The following are environment variables from the CGI 1.1 specification
which are set for CGI programs in Tilde.club, in alphabetical order:

  CONTENT_LENGTH, CONTENT_TYPE, GATEWAY_INTERFACE, QUERY_STRING,
  REMOTE_ADDR, REMOTE_PORT, REQUEST_METHOD, SCRIPT_NAME, SERVER_NAME,
  SERVER_PORT, SERVER_PROTOCOL, SERVER_SOFTWARE

-   You can find out more what each of these variables mean in the
    original CGI 1.1 specification, linked in the Further Reading[1]
    section below.

And the following are other environment variables that which are not in
CGI 1.1 specification, but are set for CGI programs in Tilde.club:

  DOCUMENT_ROOT, DOCUMENT_URI, HTTPS, REDIRECT_STATUS, REQUEST_SCHEME,
  REQUEST_URI, SCRIPT_FILENAME, SERVER_ADDR

Notes:

-   REMOTE_HOST variable is always absent; including when the remote
    host does have a valid reverse-DNS address.
-   REMOTE_IDENT variable is always absent; including when the remote
    client does connect from a host with Identd service.
-   While both HTTPS and REQUEST_SCHEME variables could be used for
    discerning HTTPS from plain old HTTP request; checking for HTTPS
    value on is to be used if you expect your CGI program to be portable
    to Apache HTTP Server.
    -   This can be used for ensuring a correct version of Atom or RSS
        feed got served on a right protocol.

Program Execution

These are conditions that your CGI programs would be running in:

-   One instance of CGI program would be executed to service one
    request; and that instance would terminate at the end of response.
-   Multiple instances of a CGI program could be run at the same time.
-   Your CGI program would start after the server had read the entire
    request header from the client (but not the request body, if any);
    and only when the request URI matched your CGI program of course.
-   Your CGI program would be run inside its directory (and not other
    location like server binary’s directory).
-   Once your CGI program runs, its standard input would be fed with the
    request body (if any).
-   If you are going to process request body, you ought to do so before
    producing any output. (HTTP is a request-response protocol,
    remember?)
-   Everything your program output on standard error stream would go
    into the server’s error log.
-   CGI program that did not finish running for too long will cause the
    server to return HTTP 504 Gateway Time-out error to the client
    instead of its response.

Tips

-   Avoid making your CGI program a time hog; good CGI programs start
    quickly and finish quickly.
-   Avoid making your CGI program a resource hog; just like everything
    else you do on Tilde.club shell.
-   Avoid making your CGI program a security hole. For this reason,
    using C or C++ for a non-trivial CGI program are not recommended
    unless you actually know your craft.
-   Remember: it costs Tilde.club 1 program execution to service one
    HTTP request to a CGI program; use it responsibly and for things
    that matter.

Setup-Specific Notes

Following are tidbits specific to the CGI setup used in Tilde.club:

-   If you would like to make CGI program a directory index, name it
    index.cgi. (index.sh works too in case of shell script)
-   There is no database daemon of any kind. (If you would like to use
    SQLite, see below for a caveat about credential and files)

And some caveats:

-   There is no support for PATH_INFO environment variable; you can
    blame Nginx for this one.

    This mean you cannot simulate files and directory-like URIs (like
    /~SOMEONE/category.cgi/automobile/ev) under your CGI program; the
    server will simply return HTTP 404 error for such URIs even when
    category.cgi exist and being executable.

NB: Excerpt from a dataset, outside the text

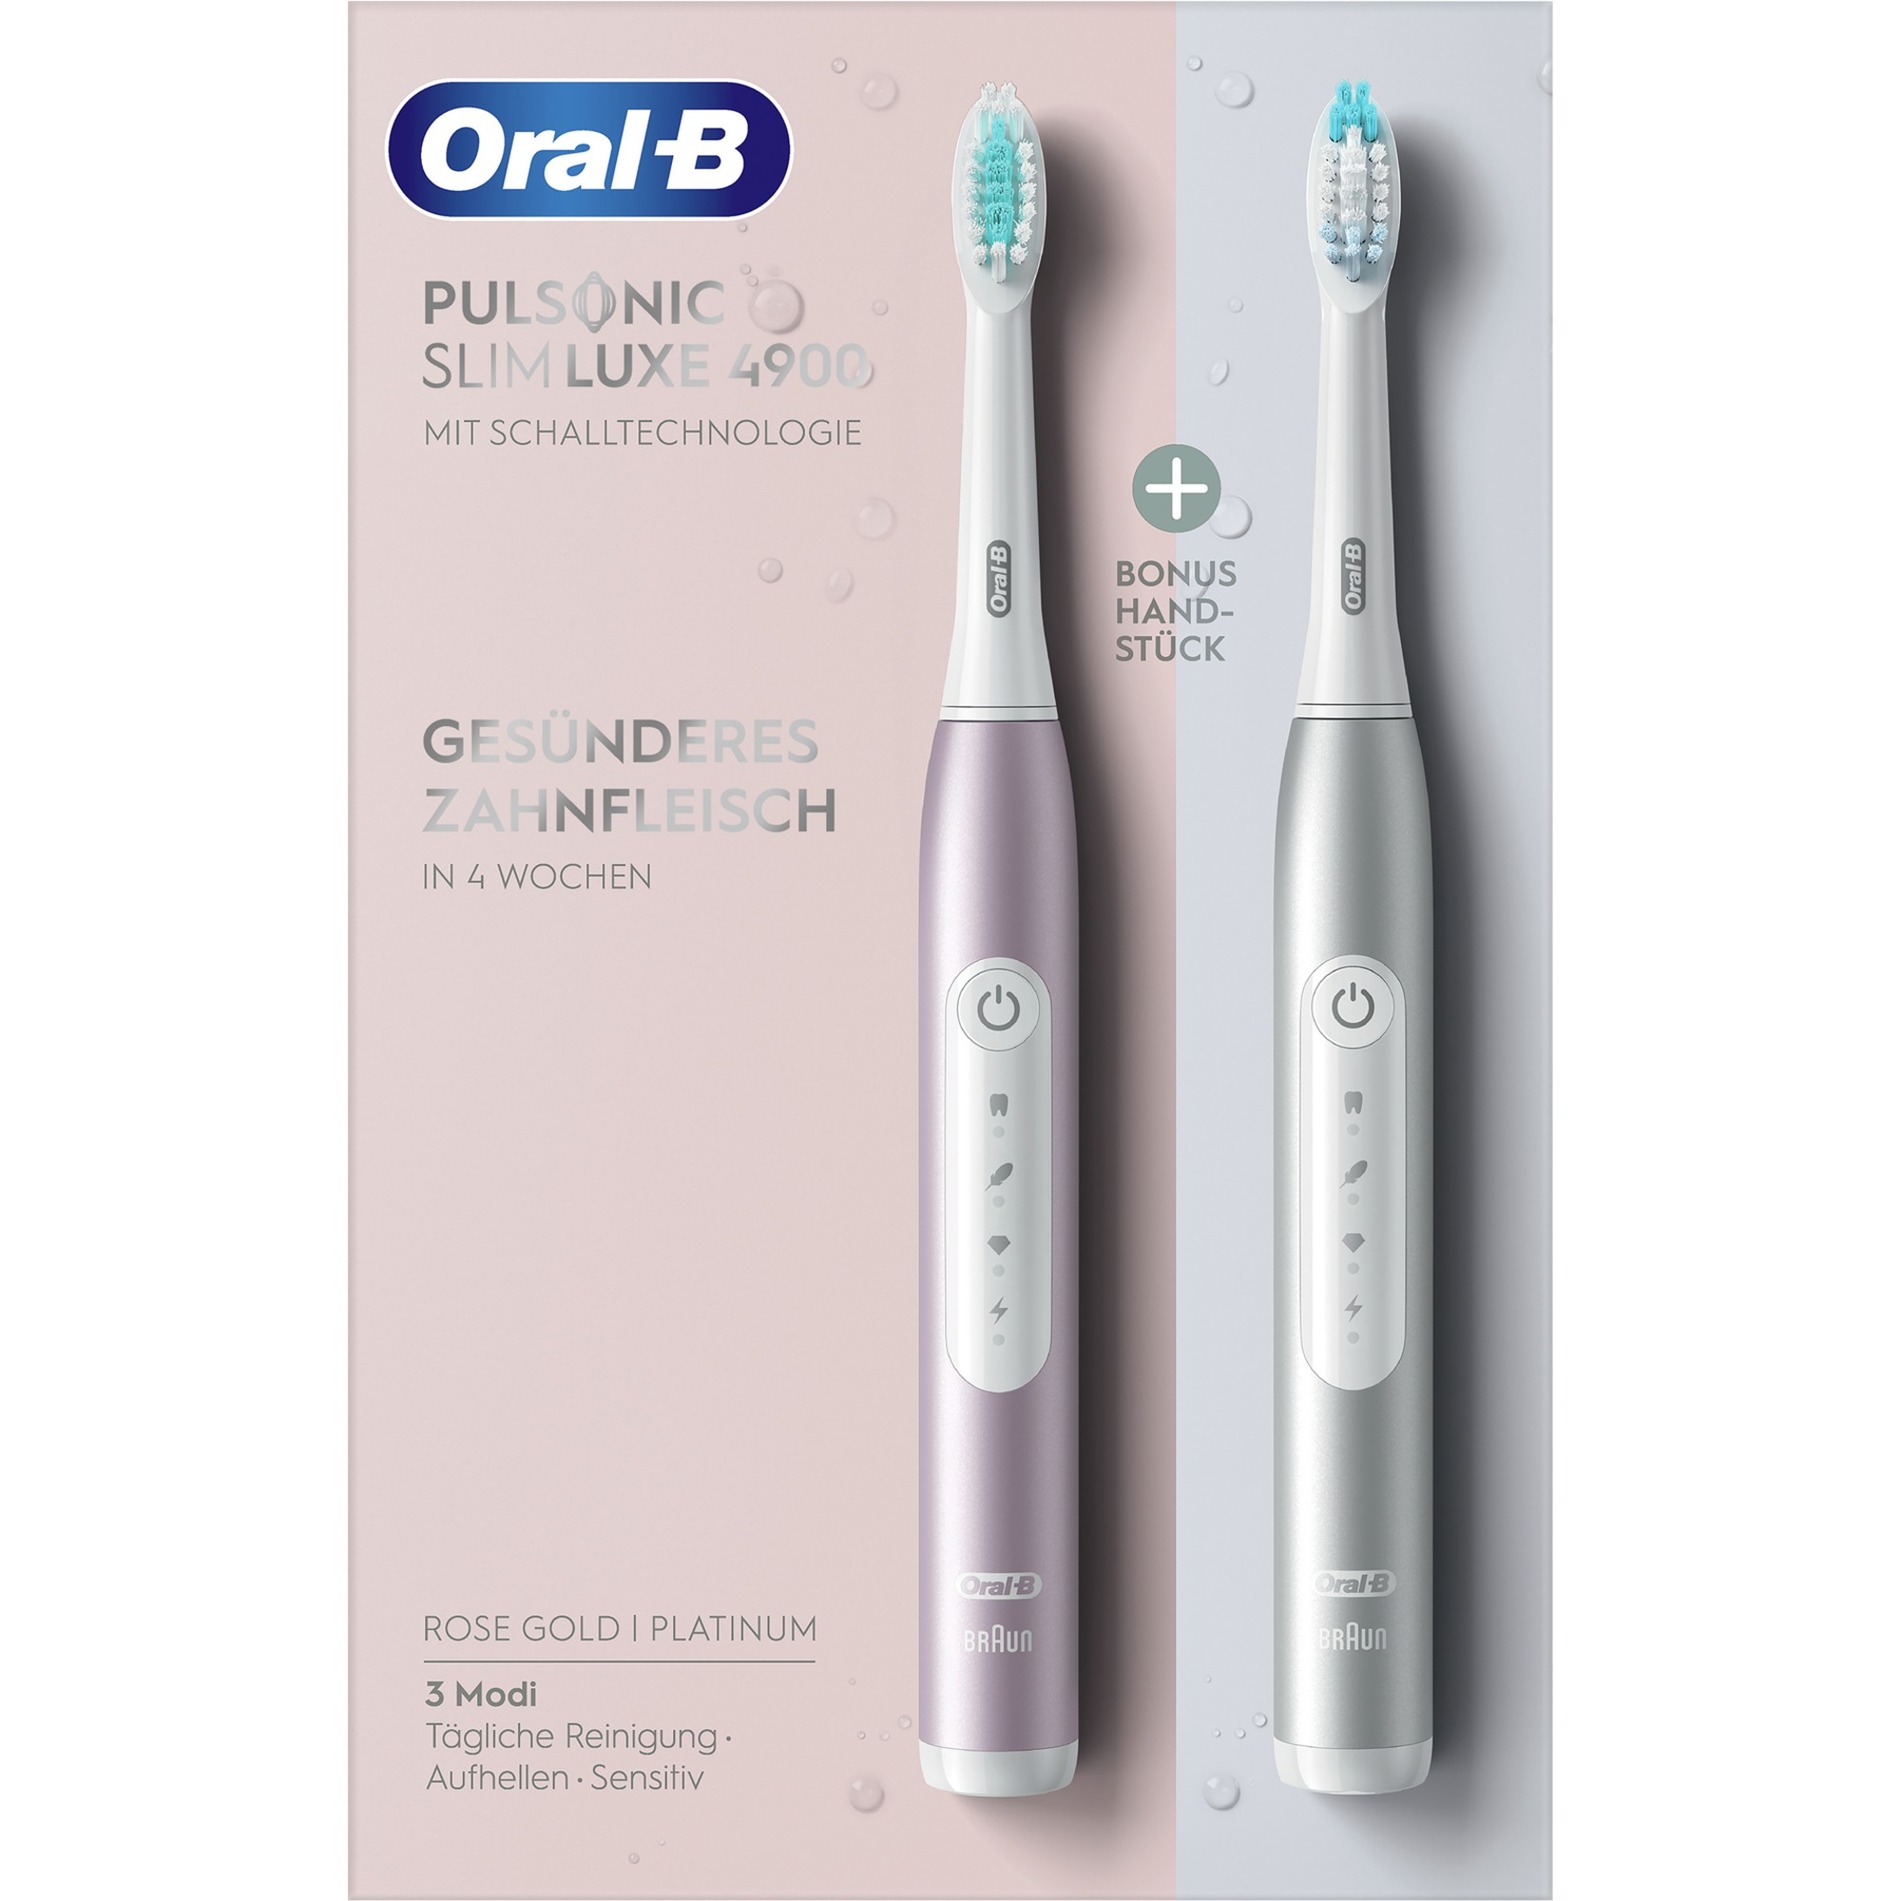 Image of Alternate - Oral-B Pulsonic Slim Luxe 4900, Elektrische Zahnbürste online einkaufen bei Alternate
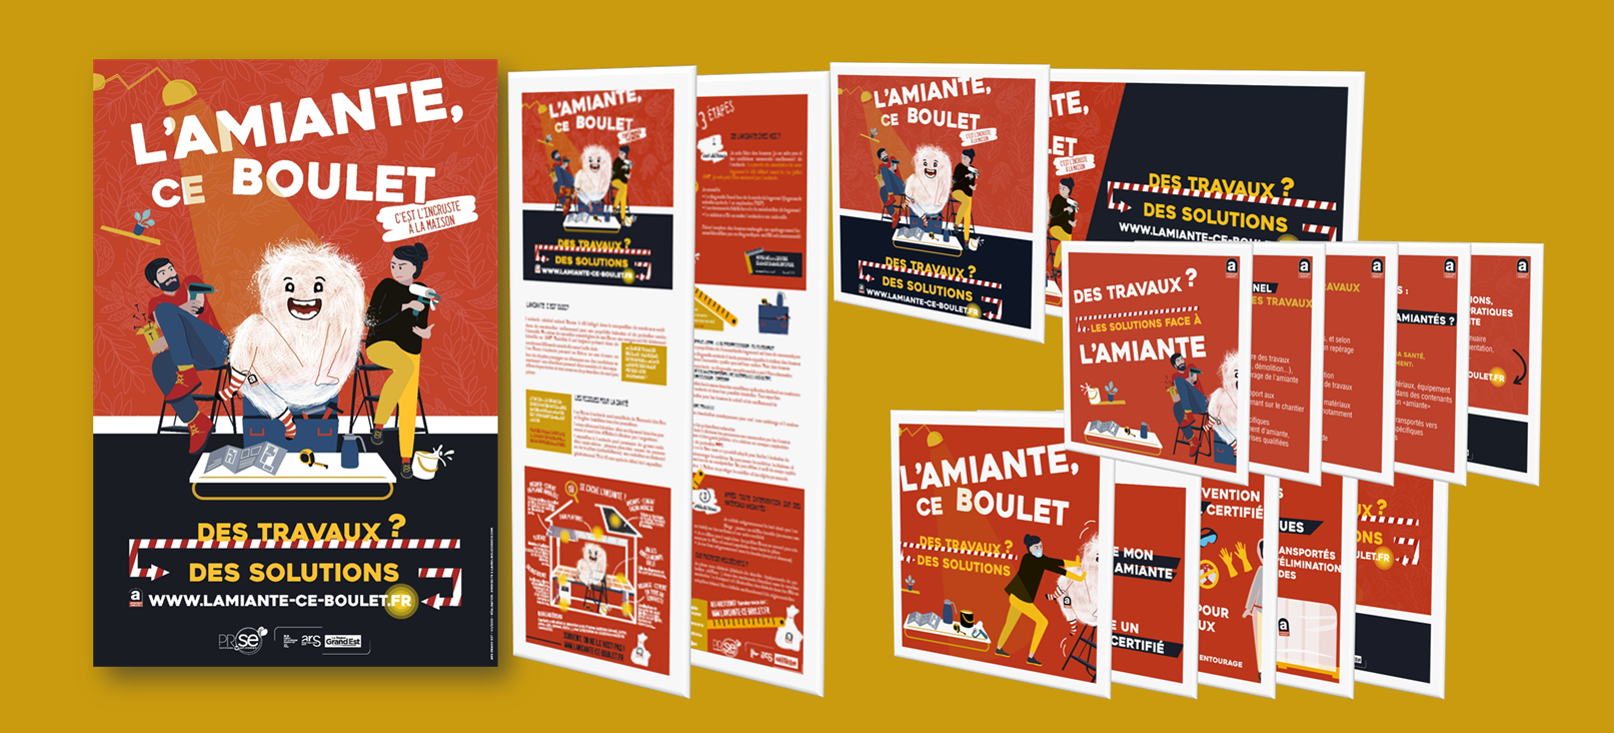 Supports L'Amiante ce boulet (affiche, flyer, bannières et carousels réseaux sociaux)

-   Avoid leaving files with following extensions in your web space when
    you don’t intend for them to be run as CGI:

    -   .cgi
    -   .pl
    -   .sh
    -   .py
    -   .lua

    This is because in current setup, requests to these files will be
    forwarded to a CGI handler anyway, even when their corresponding
    executable bit is not set; while it would not really run such
    script, it would result in HTTP 502 error being sent to client. If
    you would like to distribute these verbatim as source files, you
    might want to workaround by renaming such files to add .txt at the
    end.

-   CGI programs here run under web server’s credentials: user nginx and
    group nginx (user ID 994, group ID 990); tread carefully if you need
    to make your program read/write private files.

Further Reading

-   Common Gateway Interface version 1.1 specification (RFC 3875)[2],
    which is also available in text version[3].
-   Ten Million Users and Ten Years Later[4], a case study of CGI being
    a secret ingredient for developing web application that could stay
    in-service more than a decade.

[1] #further-reading

[2] https://www.rfc-editor.org/rfc/rfc3875.html

[3] https://www.rfc-editor.org/rfc/rfc3875.txt

[4] https://dl.acm.org/doi/10.1145/3472749.3474819